- Title card
- Created by: Ira H. Klugerman Ruth Pollak
- Developed by: Educational Film Center
- Written by: Ruth Pollak
- Directed by: John Gray Michael Switzer
- Creative director: Johnson B. Gordon
- Presented by: Elizabeth Johnson
- Starring: Sandra Bowie Domenica Galati Jason Kravits Michael Mack Jessica Prentice Michael Wikes
- Voices of: Mark Gordon
- Theme music composer: Richard Paul Brier (theme)
- Opening theme: "The Powerhouse Is You!"
- Ending theme: "The Powerhouse Is You!"
- Composer: Fred Karns (score)
- Country of origin: United States
- Original language: English
- No. of seasons: 1
- No. of episodes: 16

Production
- Executive producer: Simon Spenscer
- Producers: Ira H. Klugerman Martin Sonnenberg
- Production location: Washington, D.C.
- Cinematography: Tom Richmond
- Editor: Terry Halle
- Camera setup: 16-millimeter film
- Running time: 28 minutes

Original release
- Network: PBS
- Release: December 12, 1982 – January 3, 1983

= Powerhouse (TV series) =

Powerhouse is an American television series produced by the Educational Film Center at Northern Virginia ETV, which aired on PBS for 16 episodes in 1982. It was billed as "a 16-part series for young people and their families," with the target audience being primarily children, preteens, teenagers, and young adults. The series was later rerun by Nickelodeon from 1984 to 1986.

==Premise==
Set in Washington, D.C., Powerhouse is focused on the adventures of a racially and ethnically diverse group of three teenagers, two kids, and one adult from the inner city, based at a former boxing and sports gym hangout turned into a youth community center. The center was founded by Brenda Gaines, a woman who inherited the property from her late father, PowerHouse Gaines, a legendary boxer. The basic message of the series is that every person is a source of creativity and of true positive "I Can" power expressed in the lyrics of the show's theme song as "We all have a Powerhouse deep down inside".

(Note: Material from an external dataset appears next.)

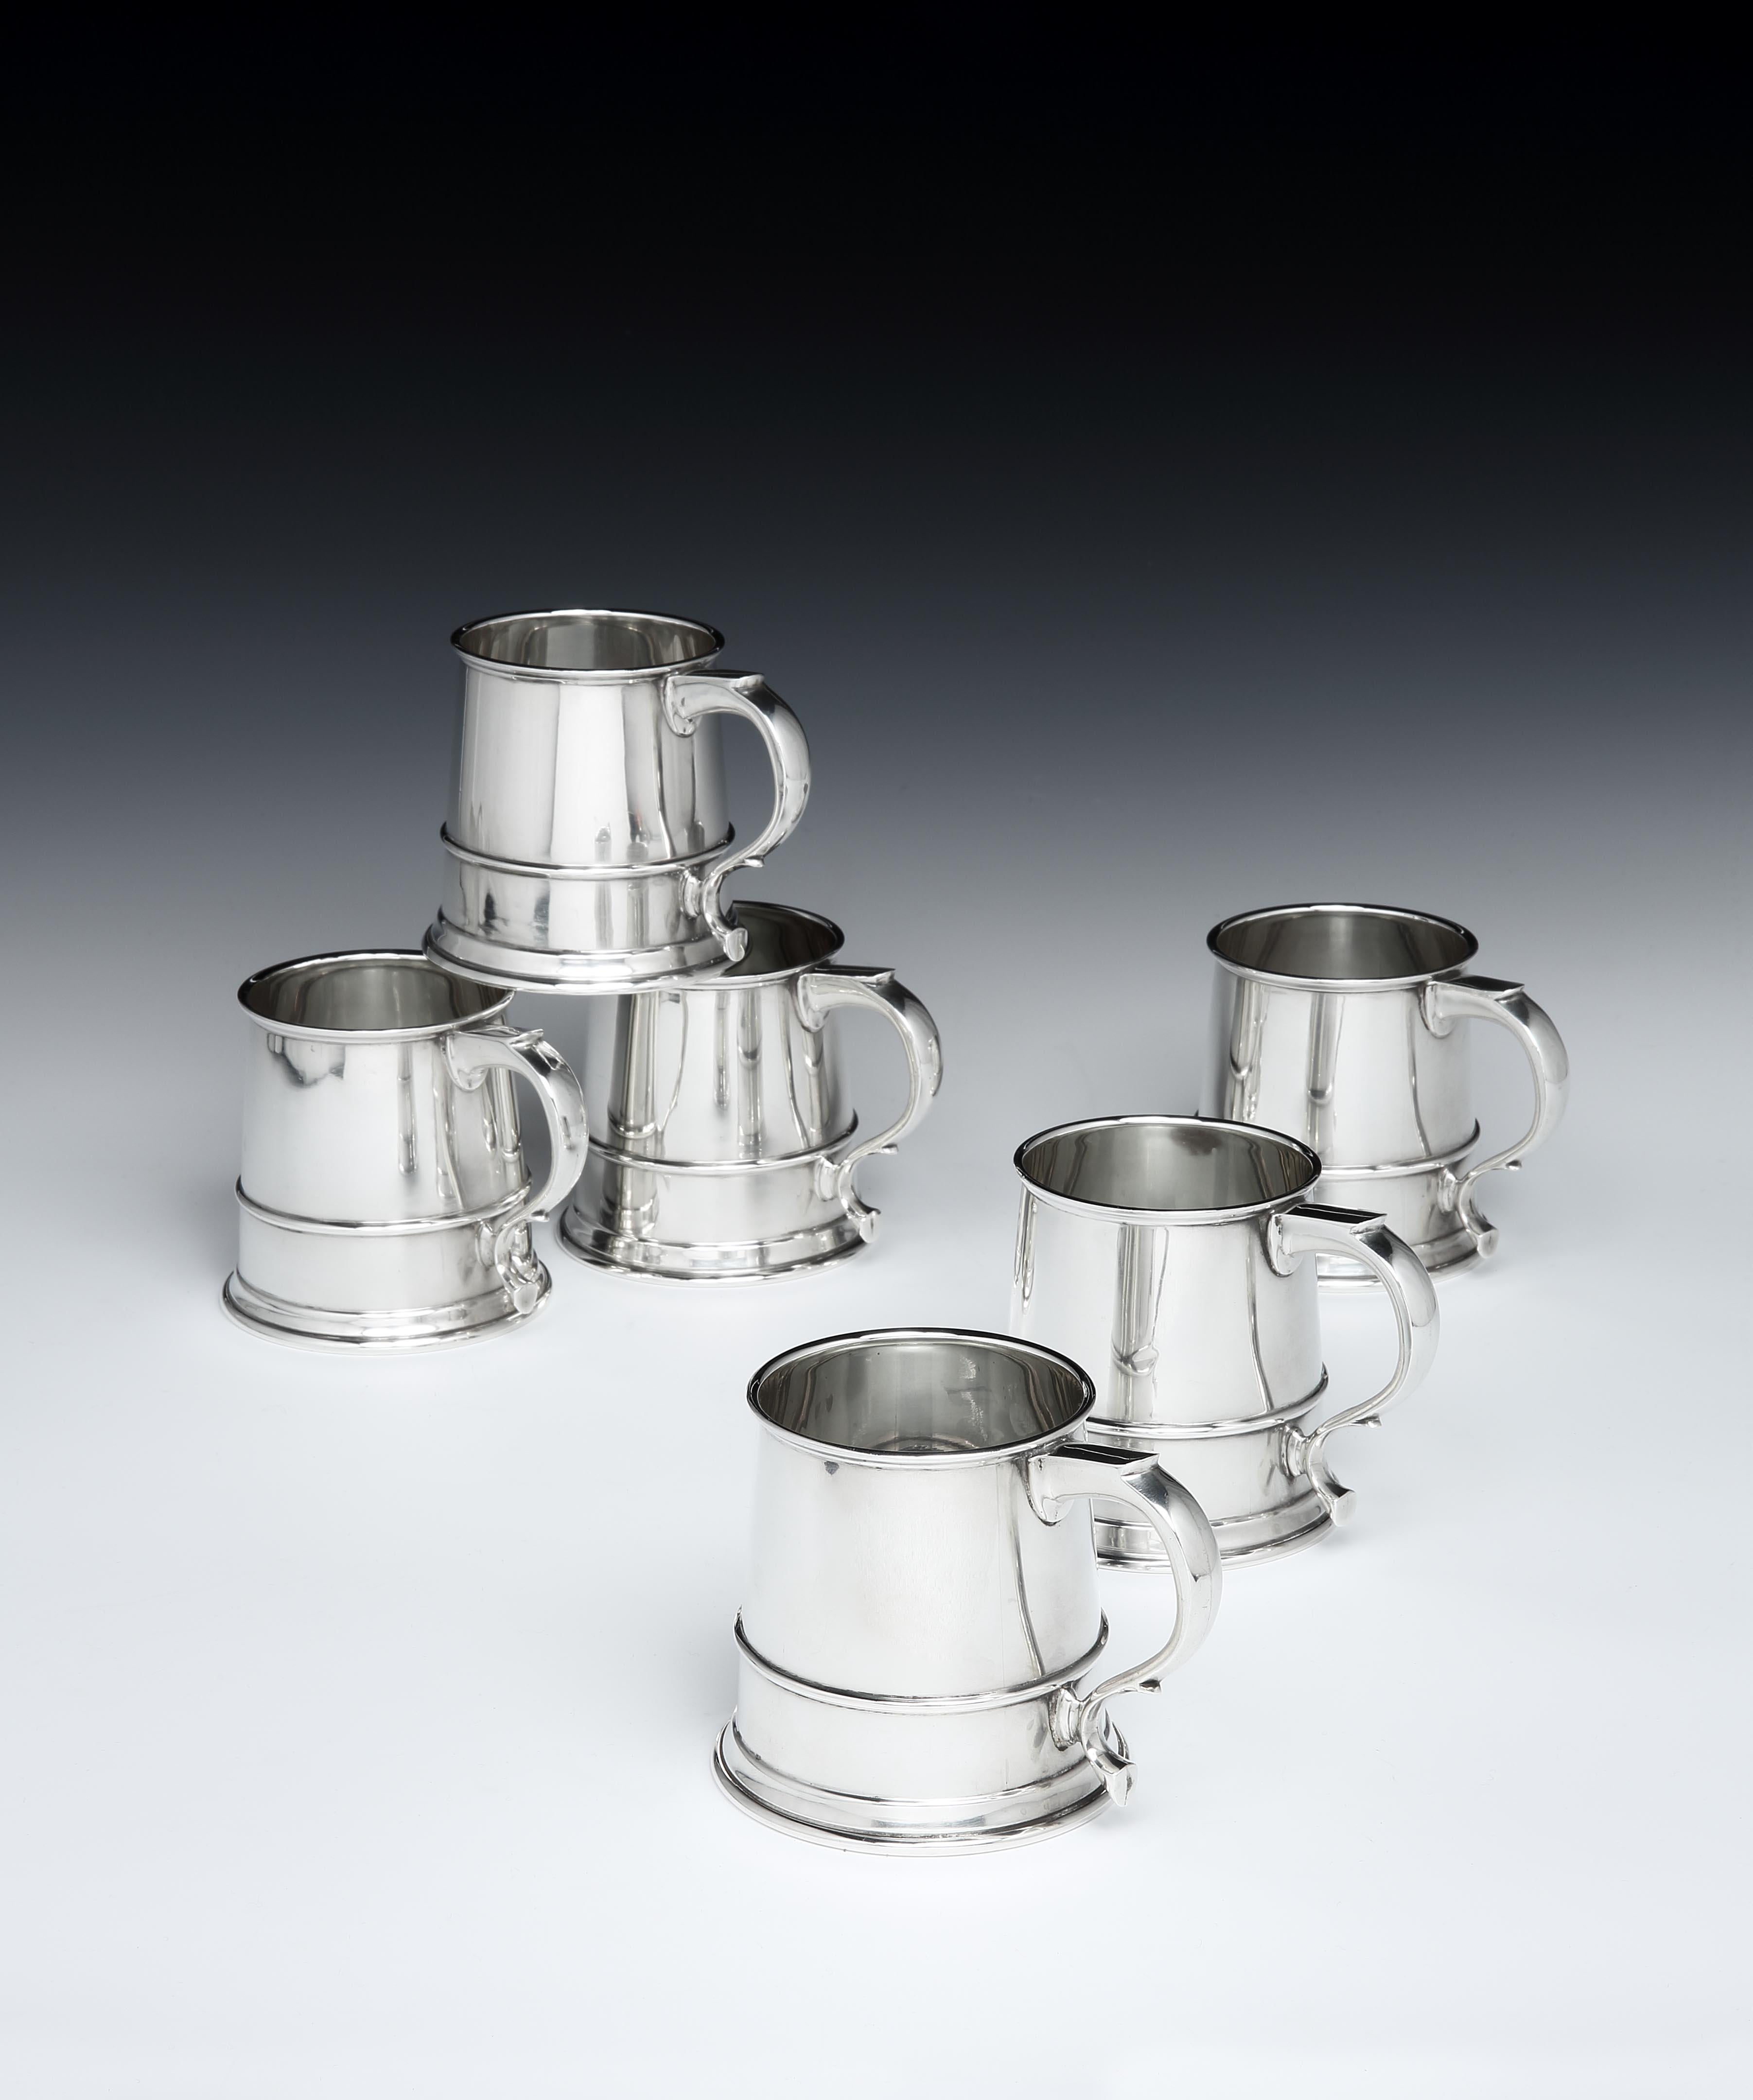 why do tankards have glass bottoms

Each episode deals with significant personal issues affecting young people, such as alcoholism, peer pressure, and physical fitness, combined with fast-paced action-adventure stories in which the group often has to solve a mystery or prevent a crime. For example, in one episode they have to expose the head of a racketeering operation that threatens to put Brenda and Powerhouse out of business. In another episode, they try to locate the source of a potentially lethal food-poisoning outbreak.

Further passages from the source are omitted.